Category: Engineering Chemistry Objective Questions

Engineering Chemistry Multiple Choice Questions on “Engineering Materials”.

1. Based on the important category, concrete and fibre glass are the examples of ___________
a) Ceramics
b) Polymers
c) Composites
d) Semi-conductors
Answer: c
Clarification: Example of ceramic are Al₂O₃ and ZrO₂, Polymers are Thermoplastic and Thermosets, Composites are Fibre glass and Concrete and Semi-conductors are Silicon and Germanium.

2. Which of the following is not an inorganic functional material?
a) Ferroelectric
b) Reverse micelles
c) Magnetic field sensor
d) Light detectors
Answer: b
Clarification: Reverse micelles is an organic functional material.

3. Which of the following is not an aerospace material?
a) Plastics
b) Silica
c) Aluminium alloys
d) Polymers
Answer: d
Clarification: Polymers are not categorized under aerospace materials.

4. Select the incorrect statement from the following option.
a) Metals are extremely good conductors of heat and electricity
b) The properties of metal degrade rapidly with temperature
c) Metals have poor corrosion resistant
d) A polished metal surface has a dull appearance
Answer: d
Clarification: A polished metal surface has a lustrous appearance. All the other options are correct. Metals are extremely good conductors of heat and electricity, its properties degrade rapidly with temperature and have poor corrosion resistance.

5. Which one of the following is the best heat and corrosion resistant material?
a) Metals
b) Ceramics
c) Polymers
d) Semi-conductors
Answer: b
Clarification: Ceramics materials generally consist of oxides, nitrides, carbides, silicates or borides of various metals. Their heat and corrosion resistance is best compared to metals and polymers.

6. Polymers are used in the chemical industry because of their ___________
a) Inert nature
b) Light weight
c) Low cost
d) Easiness in fabricability
Answer: a
Clarification: Polymers are used in the chemical industry because of their inert nature.

7. Select the incorrect statement from the following option.
a) Composites are optically opaque materials
b) Carbon fiber reinforced composite materials are not used in space vehicles
c) Re-cyclability of composite material is poor
d) Processing of composite material is difficult
Answer: b
Clarification: Carbon fiber reinforced composite materials are used in space vehicles. All the other options are correct.

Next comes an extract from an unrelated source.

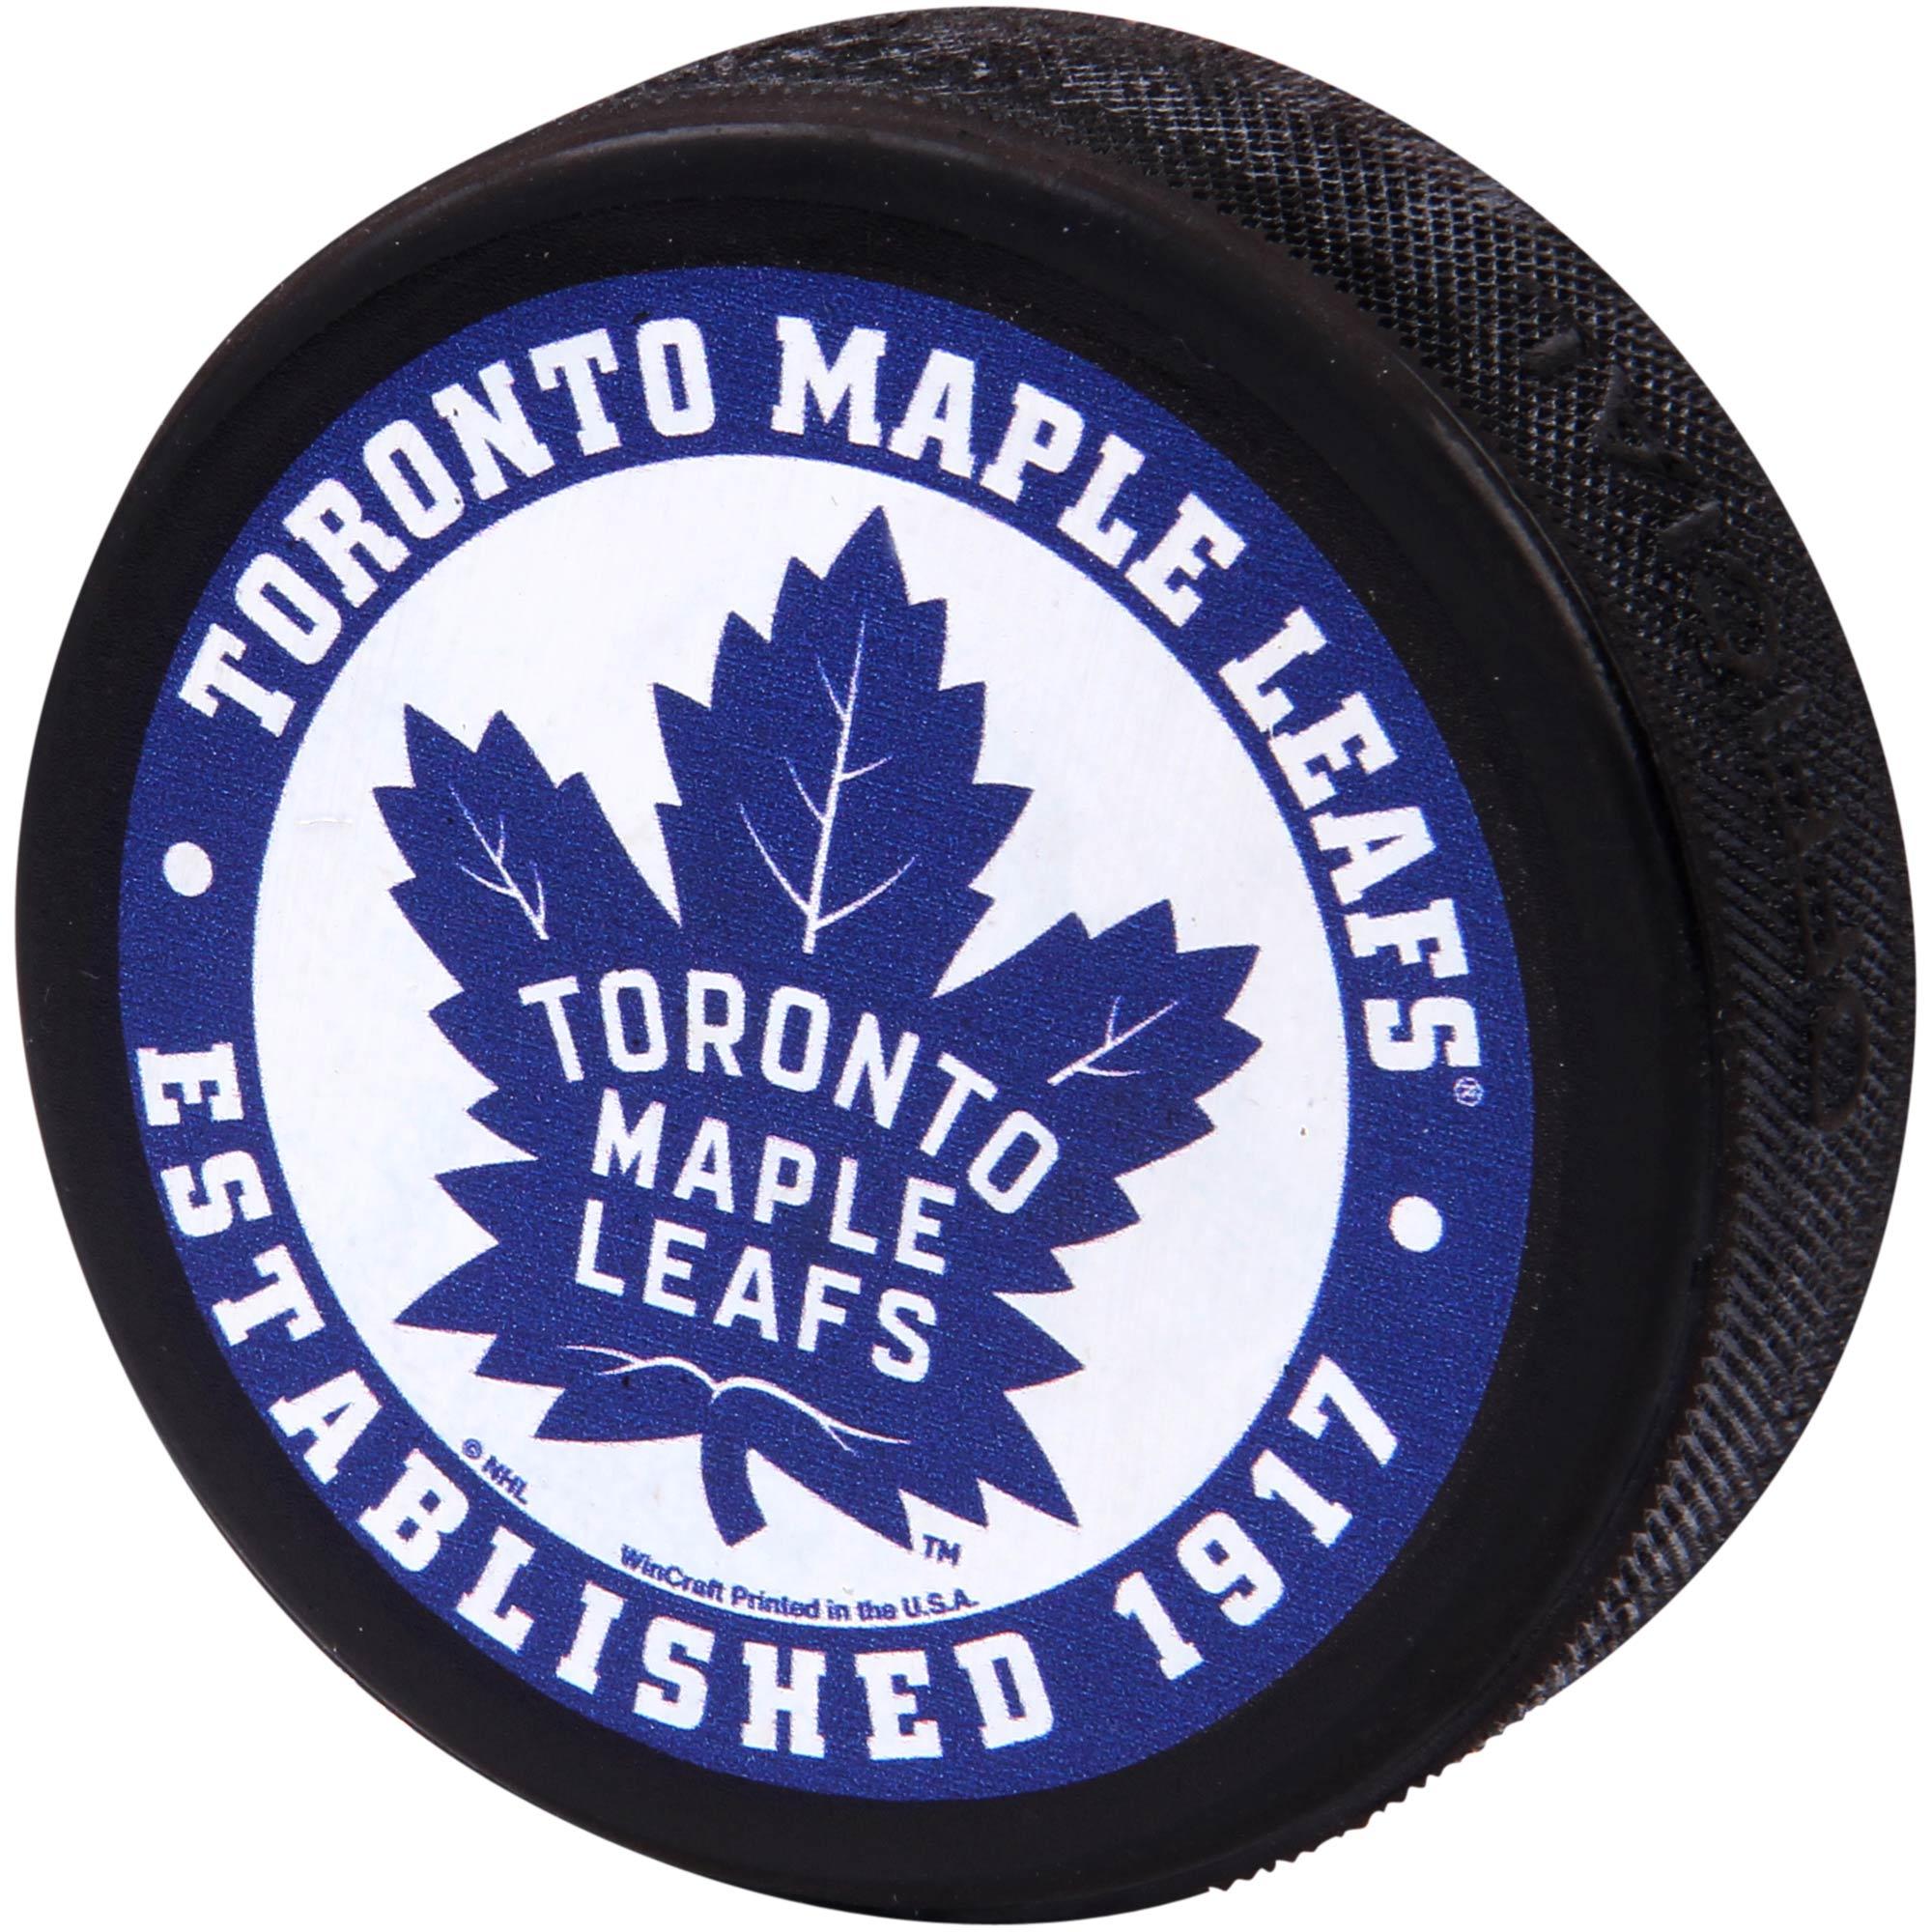 Toronto Maple Leafs WinCraft Printed Hockey Puck - No Size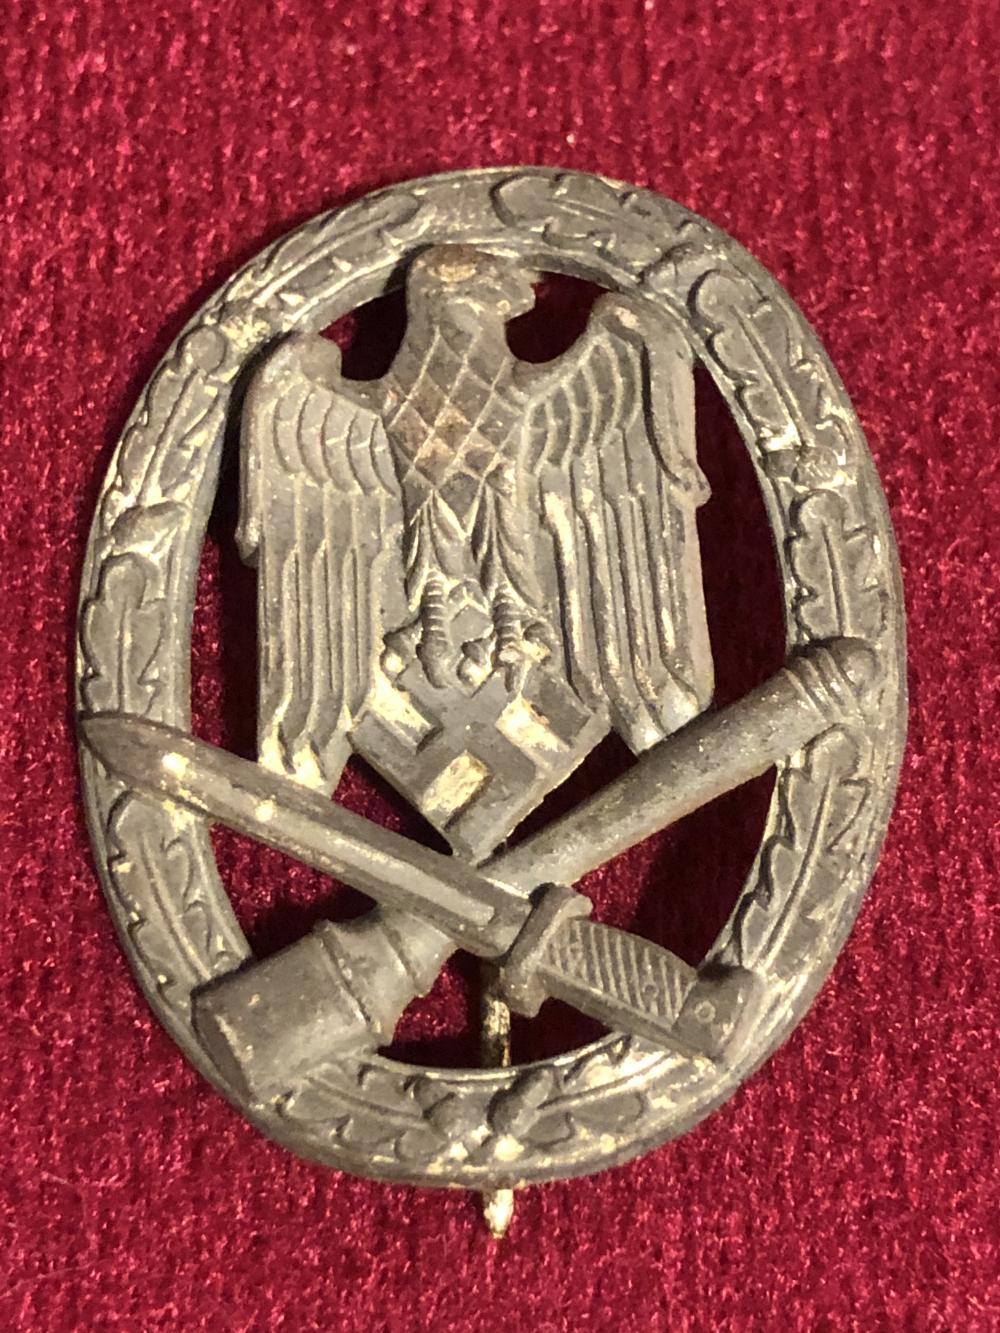 WWII German Nazi general assault badge

Composites are optically opaque materials, re-cyclability of composite material is poor and its processing is difficult.

8. Which type of material expands and contract in response to an applied electric field?
a) Advanced material
b) Smart material
c) Biomaterial
d) Nanomaterial
Answer: b
Clarification: Smart materials(Piezoelectric) expand and contract in response to an applied electric field(or voltage).

9. Which one of the following is non-linear material?
a) Zirconium oxide
b) Magnetite
c) Maghemite
d) Lithium niobate
Answer: d
Clarification: Lithium niobate is a non-linear material used for telecommunication.

10. Which of the following is not an application of nanomaterials?
a) TV and computer monitors
b) Cardiology
c) Magnetic Resonance Imaging (MRI)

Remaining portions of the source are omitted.